I don't know how much of RM's current issues are the result of poor staff or poor management. But I am familiar with the issue, because I've been through it myself and I know where Jeff is coming from.
I spent four and a half years working for Australia Post. I was a permanent part time mail officer and OHS rep at the Mail & Networks Division state head office. (Every day I thanked my lucky stars that I wasn't one of the poor sods who had to deliver mail!
)
My regular hours were 25 per week and I worked on the night shift. I started doing 18:00-23:00, then switched to 20:00-01:00, and eventually 11:00-04:00. Every three weeks I was rostered to work 05:00-10:00 on Sunday morning. I worked extra time (2 hours on top of regular shift) and overtime (2 hours on top of extra time and regular shift) every now and then, just to pull in a bit of extra cash. It was hard graft, made harder by the knowledge that I was one of the part timers who'd been recruited to replace a full timer, thereby increasing the workload for everyone else (including me!)

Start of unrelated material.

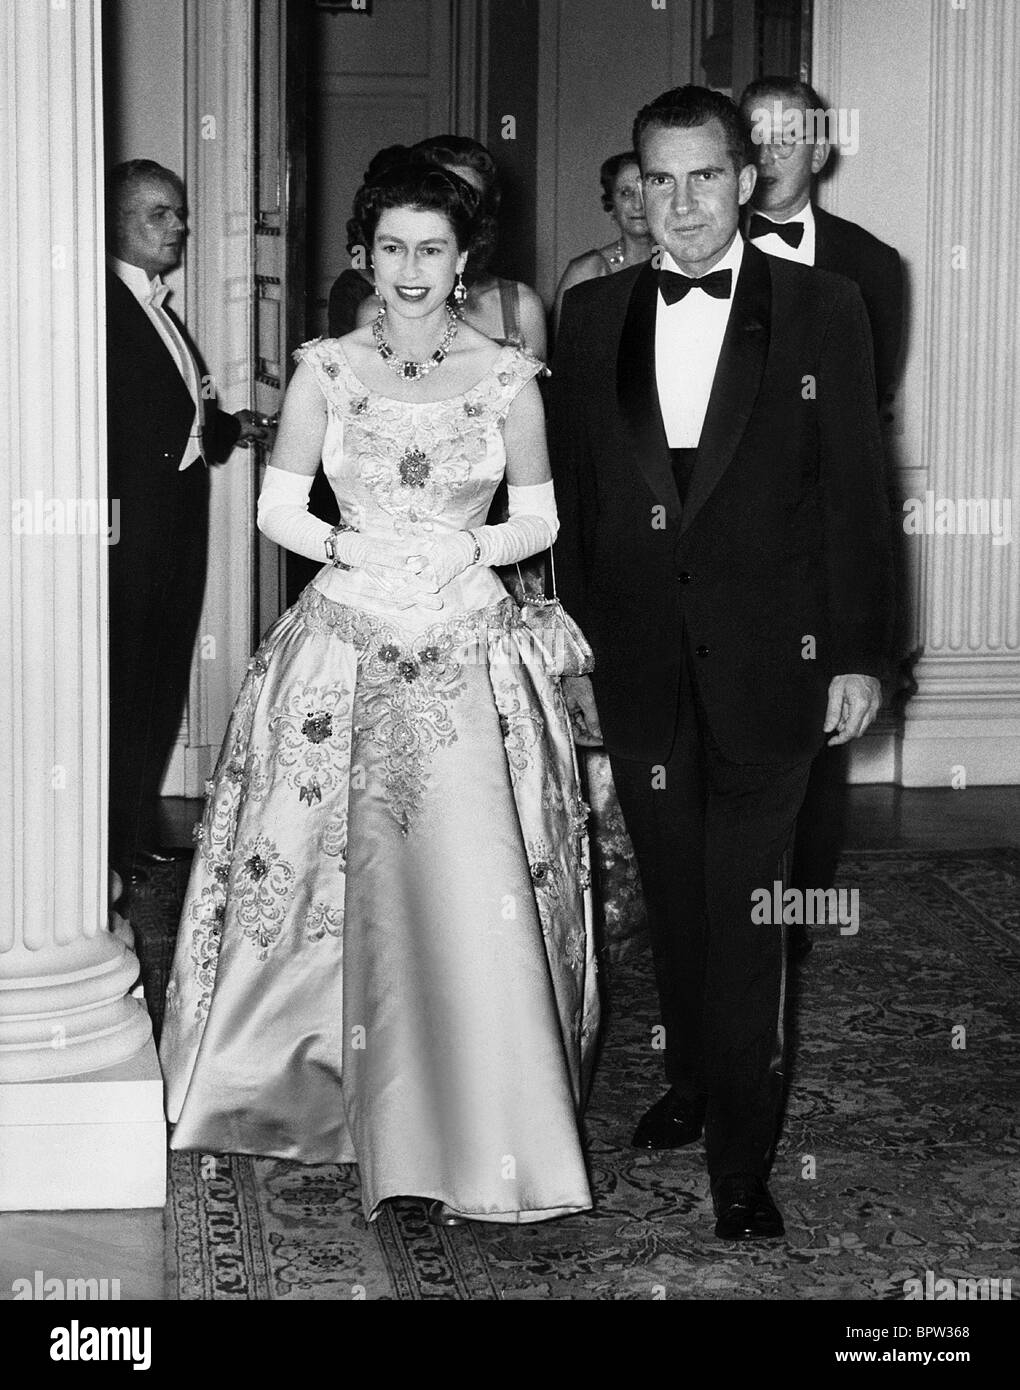 La reine Elizabeth II et Richard Nixon, reine d'angleterre 10 Juin 1958 Banque D'Images

Cutting costs by offering redundancies to full time workers and replacing them with part timers is standard practice, and in principle I have no problem with it. Businesses should be free to use such methods whenever and wherever they see fit. But this particular method tends is open to abuse, and it is too often abused.
It's not about pay; it's not even about conditions
per se. It's about being asked to complete an ever-increasing workload in the same amount of time. You can do this for a while, but over time it stacks up at an almost exponential rate and the job becomes well nigh impossible.

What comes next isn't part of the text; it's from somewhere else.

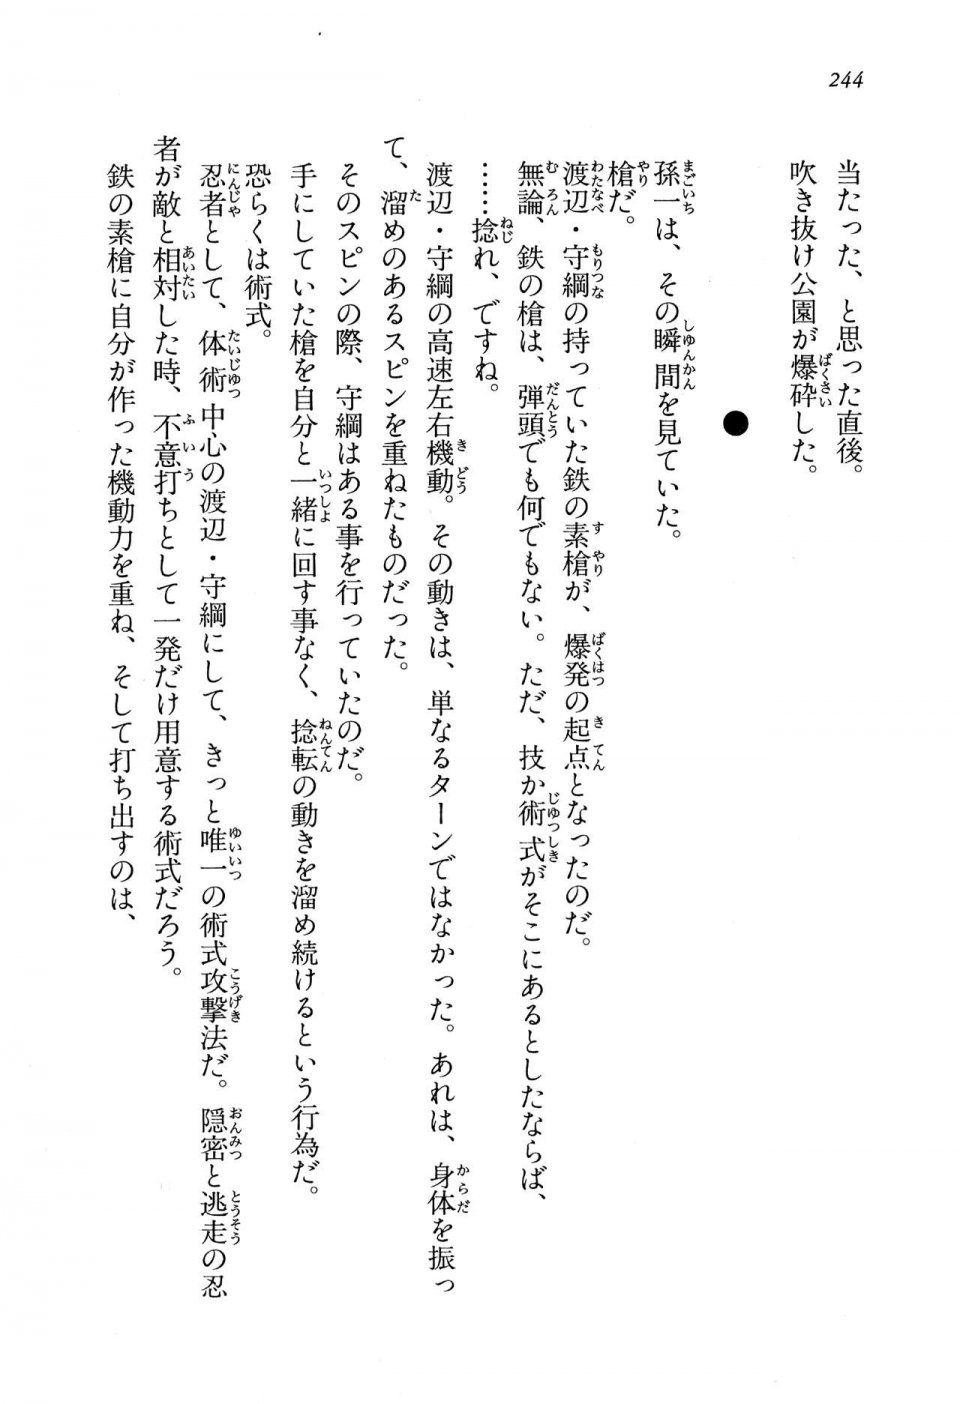 Kyoukai Senjou no Horizon BD Special Mininovel Vol 8(4B) - Photo #248

There are some things which simply can't be done any faster than they already are. I've seen it in private enterprise as well. My former employer (a multinational facilities services corporation which shall remain nameless but is traditionally associated with pest control
) had a simple but effective formula to increase its margins.
Take a standard cleaning contract, for example:
- We would begin by underquoting the actual price of a cleaning contract in order to win it (often this was done by the sales reps, whether we wanted them to or not!)
- Having won the contract, we would TUPE any available staff from a pre-existing contract and retain them at their original wage (even it it was higher than the rate we paid our regular staff)
- After letting let the contract run for a few months, we would reduce staff levels over time until each site was only being serviced by a bare minimum of one or two people for two or three days per week
- The remaining staff would then have their hours reduced (sometimes by as much as 50%) but their workload would remain the same (!!!)
- By this stage most of the TUPE workers would be openly rebelling, which almost invariably resulted in resignations; this was actually the desired result, because...
- ...with the expensive TUPE workers gone (usually via resignation; occasionally via redundancies) I would then hire replacement staff at the minimum wage, thereby reducing costs even further and increasing our profit margin
- At this point the client would be screaming blue murder; in response we would remind them that (a) staff hours were our responsibility and we would set them to suit ourselves, not the client, (b) the client's minimum requirements were still being met at most sites, and (c) since the price of the contract had already agreed, we would not be reducing our charges (even though we had reduced our staff levels, frequency of service and time spent on site)
And so on, and so forth.
In these situations everyone likes to talk loudly about efficiency, as if they're somehow making things better all round. Here's a newsflash: it is
rarely about efficiency. It is
always about profit margin. Margin comes first; all other considerations are secondary.
If efficiency is improved in the pursuit of margin, that's great. But margin is the goal, not efficiency. Large corporations can tolerate a great deal of inefficiency (and they frequently do!) without losing a scrap of margin.
For example, high staff turnover is inefficient but it helps to improve margin because short term employees don't hang around long enough to take holidays or sick days, etc. You can suck them in, chew them up and spit them out as fast as you like. It's stupidly inefficient, but it's fantastically cheap. Winrar!